What you need to do —
Return only the lines of the listing below that run from the line with "Setting: Channel low set" through the line with "Hackers can gain", both ends included, exactly as written.

Provided data —
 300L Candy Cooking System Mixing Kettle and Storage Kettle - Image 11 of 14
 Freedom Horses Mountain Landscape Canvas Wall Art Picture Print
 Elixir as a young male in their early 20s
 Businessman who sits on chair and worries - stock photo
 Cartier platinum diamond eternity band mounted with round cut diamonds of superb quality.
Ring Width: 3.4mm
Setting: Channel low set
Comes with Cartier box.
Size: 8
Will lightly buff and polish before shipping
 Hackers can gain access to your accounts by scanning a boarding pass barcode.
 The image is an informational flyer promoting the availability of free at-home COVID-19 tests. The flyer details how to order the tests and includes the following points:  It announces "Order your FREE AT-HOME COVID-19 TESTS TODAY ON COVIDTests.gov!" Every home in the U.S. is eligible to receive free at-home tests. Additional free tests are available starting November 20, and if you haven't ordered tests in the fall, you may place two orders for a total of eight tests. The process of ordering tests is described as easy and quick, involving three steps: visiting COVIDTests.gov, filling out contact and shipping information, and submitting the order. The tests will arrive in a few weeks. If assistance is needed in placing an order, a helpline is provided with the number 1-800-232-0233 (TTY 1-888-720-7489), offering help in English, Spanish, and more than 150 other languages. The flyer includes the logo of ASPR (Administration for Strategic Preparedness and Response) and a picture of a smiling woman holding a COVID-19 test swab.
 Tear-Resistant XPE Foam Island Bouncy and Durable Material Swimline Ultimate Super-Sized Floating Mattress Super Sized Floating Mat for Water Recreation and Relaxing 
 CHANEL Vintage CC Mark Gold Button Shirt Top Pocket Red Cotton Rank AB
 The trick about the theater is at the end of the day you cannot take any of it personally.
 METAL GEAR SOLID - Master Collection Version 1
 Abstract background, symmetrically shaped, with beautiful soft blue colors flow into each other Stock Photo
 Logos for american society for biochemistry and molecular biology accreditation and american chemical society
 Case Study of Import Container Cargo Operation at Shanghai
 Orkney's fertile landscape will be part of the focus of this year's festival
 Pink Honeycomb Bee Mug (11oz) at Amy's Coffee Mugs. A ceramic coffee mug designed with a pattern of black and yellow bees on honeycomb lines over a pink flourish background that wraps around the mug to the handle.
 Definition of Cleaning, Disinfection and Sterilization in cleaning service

Exercise answer —
Setting: Channel low set
Comes with Cartier box.
Size: 8
Will lightly buff and polish before shipping
 Hackers can gain access to your accounts by scanning a boarding pass barcode.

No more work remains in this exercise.